Marijuana smokers tend to age faster than those who avoid it

Researchers have made shocking discovery that smoking marijuana will not just leave you at risk of a heart disease, but will also make you age faster. 

Cannabis users’ age faster than those who avoid the drug, a new study claims.

A study of just over 1,100 people found the drug has a significant affect on the cardiovascular system, accelerating the build-up of cholesterol in the arteries.

It means a 30-year-old cannabis smoker, for example, has the biological age of a 33-year-old, the University of West Australia researchers claim.

The study is the first of its kind to look at marijuana’s impact on biological ageing.

Its release on Monday coincided with a report presented to the American Heart Association, which looked more closely at how cannabis weakens the heart muscles.

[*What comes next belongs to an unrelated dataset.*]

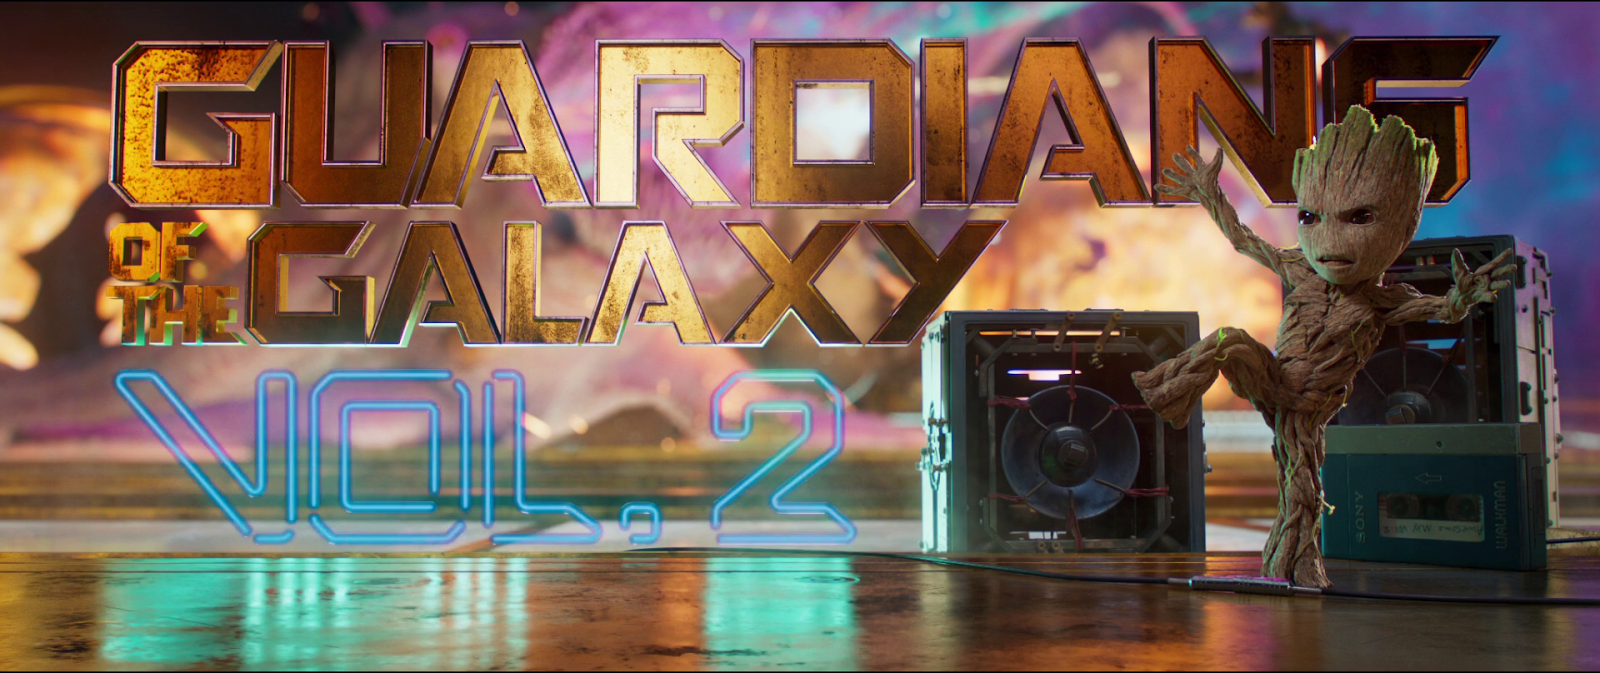 Guardianes de la galaxia Vol. 2 (2017) HD 1080p Latino - Ingles captura 3

Lead researcher Professor Stuart Reece said he was stunned by the results.

‘We found that for those who used cannabis over a long time, not only does it age you, it increases ageing at an exponential rate over time which is alarming,’ Professor Reece said.

‘The level of cannabis exposure in the group studied was much higher than we have seen reported before in other studies for developed nations.’

Professor Reece said it was concerning that this was the first study to look at the long-term effects of smoking cannabis on the cardiovascular system and there were comparatively few studies across the world looking at its long-term effects.

‘It is important to the health of populations worldwide that such research be continued, with the study highlighting the large-scale costs to the health system from cannabis use,’ he said.

Professor Reece’s study, published in the British Medical Journal, emerged a day after a US study detailed the strain cannabis has on the heart. Researchers at St Luke’s University Hospital Network analyzed data on 33,000 patients with cardiomyopathy, a sudden weakening of heart muscles, between 2003 and 2011.

The illness is typically brought on by severe stress or grief.

But according to lead research Dr Amitoj Singh, at least two cases in their study were partly brought on by marijuana.

‘There have been many reports of heart attacks, strokes and the two cases of (stress cardiomyopathy) that have been linked to marijuana,’ he said.

Presenting his data at the American Heart Association’s annual meeting, Dr Singh argued for caution as marijuana legalization spreads across the country.

He warned young marijuana users do not typically display the tell-tale symptoms of cardiac risk, but he claims his data shows they have a higher risk of having one.

Dr Singh’s study concluded that marijuana users are two times more likely to suffer a heart attack. However, the majority of users in the study paired marijuana with tobacco and most suffered from depression.

‘This is a retrospective study, so we cannot determine causation,’ Dr Singh admitted.

‘Further research is needed to evaluate this study, especially considering the current increase of recreational marijuana in our country.’